Monica67 7 Jul 2014 at 14:04  
Excellent tips, effective example, too. I might have to check out that book. Thanks!
Cholontic 8 Jul 2014 at 09:45  
I agree with Monica67! A great article, thanks for sharing!
Fairchild 9 Jul 2014 at 13:23  
This article is the truth. I have especially noticed when all the body language slows the pace to a crawl or a start-stop jerky pace.
Saa 10 Jul 2014 at 16:50  

You've said just the thing new writers need to learn to improve, without fussing about "improving"!
Mysticat 11 Jul 2014 at 02:16  
I'm so glad you've found this article helpful. I like sharing what I've learned along the way. I think all of us have room for improvement and we're in this journey together.

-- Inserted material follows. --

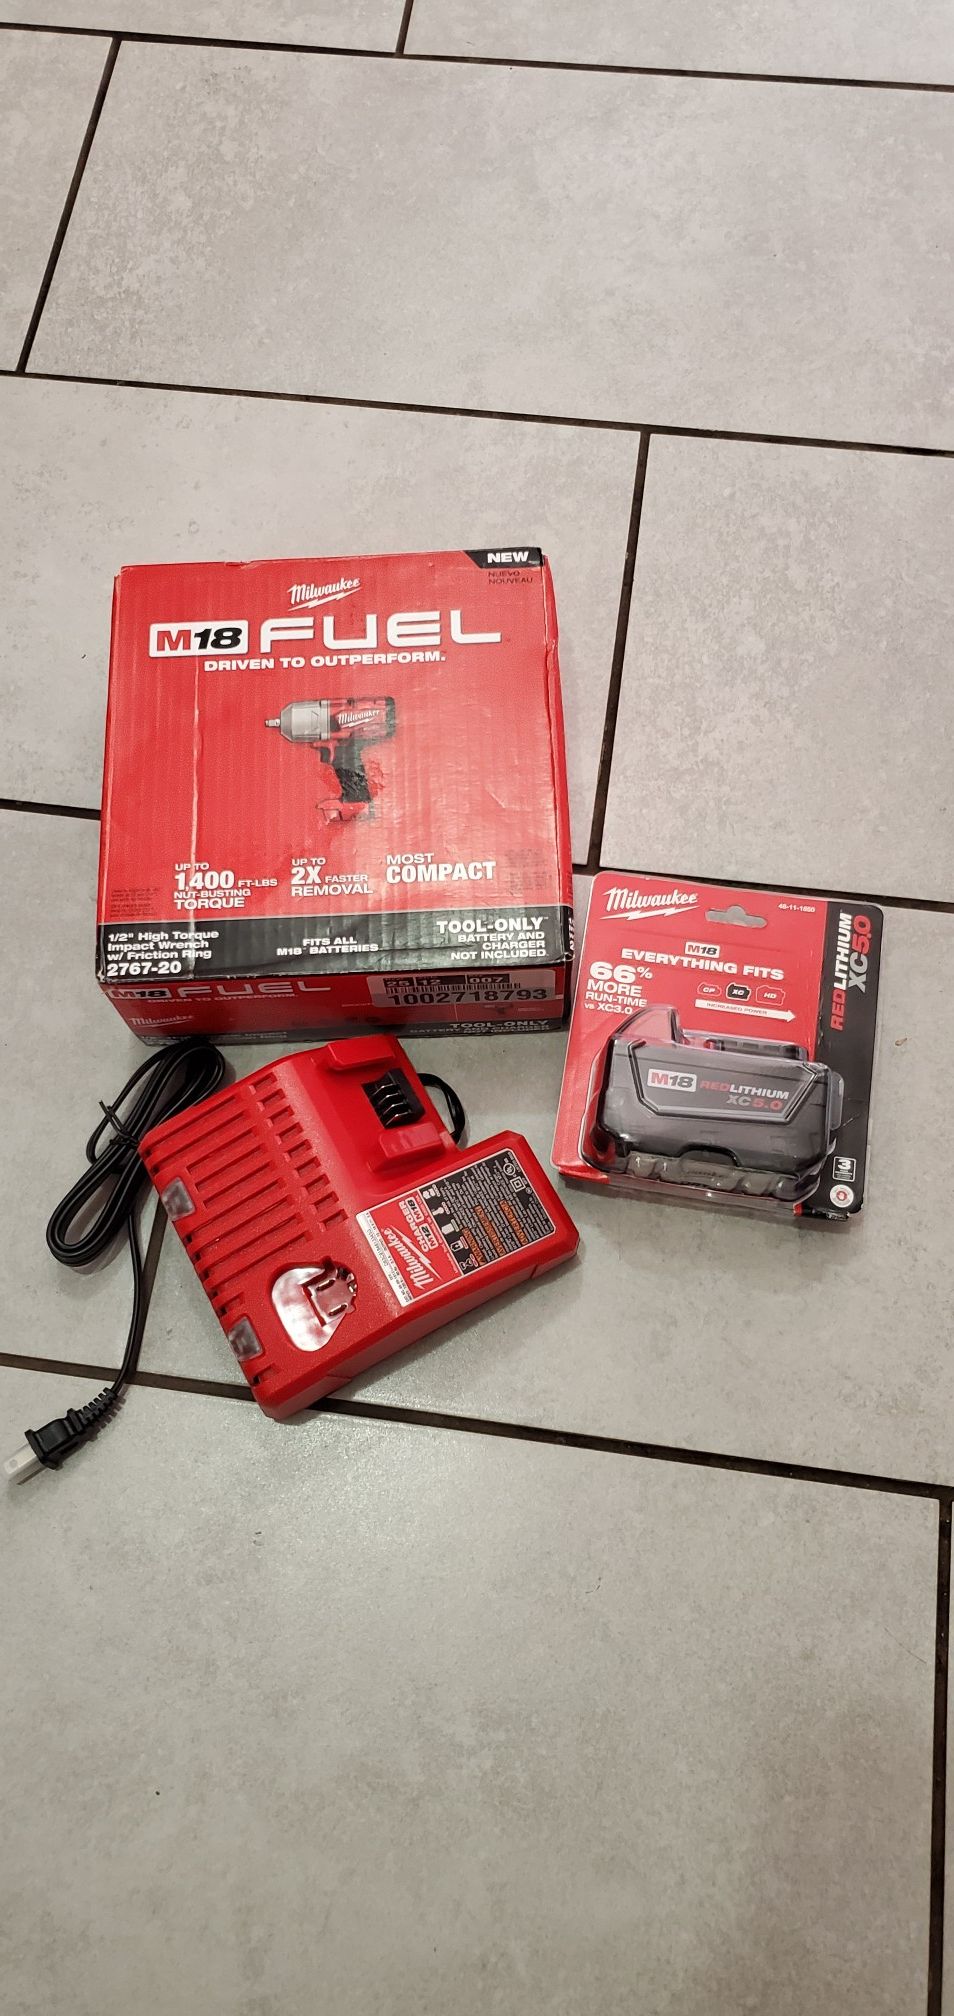 MILWAUKEE M18 VT FUEL BRUSHLESS IMPACT WRENCH 1/2,,,,,1400 FT TORQUE W BATTERIE 5.0 AND CHARGER SET NEW NUEVO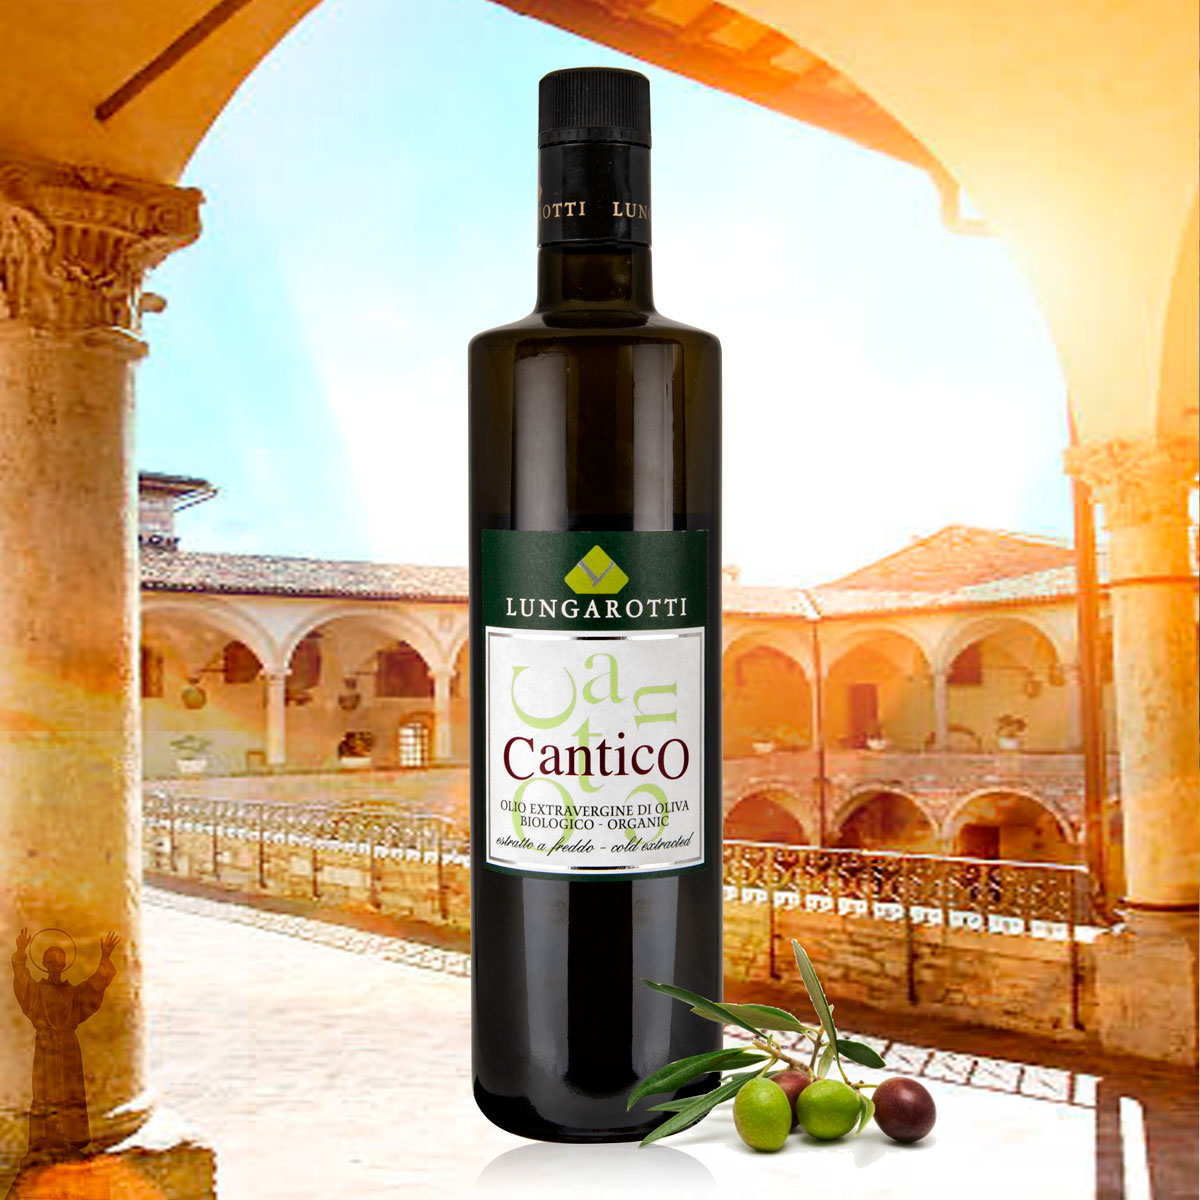 Cantico Extra Virgin Olive Oil 'The expression of Umbria' Organic Biologico

Flywriter 12 Jul 2014 at 16:05  
I agree with what you suggestions. I find in my own unpolished drafts, and the critiques I give to others stories here, we newish authors tend to work to hard at telling the reader what the character is doing instead of giving a hint and letting their imagination fill the scene. Good suggestions. I'll check out Margie Lawson's workshop notes.
Dtrevi119 23 Jul 2014 at 01:36  
Good article, this is something I've been trying to work on as I just learned I have the bad habit of over adjectiving.
Soteris 14 Aug 2014 at 20:32  
I am new to writing and this was very helpful to me for my upcoming competition. Thanks for the tips
Paplu12 14 Aug 2014 at 21:46  
Good article. Something I have always struggled with as a writer is being too wordy. As I have been writing more regularly, I really tried to focus and being as too the point as possible, and have come to use the dialogue as a tool to express what is happening in the scene. I definitely discovered that sharp dialogue could be way more effective that all of the modifiers put in to explain what was going on. I love to see someone write it out like that for all of us out there who need that little bit of insight.
Imagination is more important than knowledge for knowledge is limited to all we now know and understand, while imagination embraces the entire world, and all there ever will be to know and understand.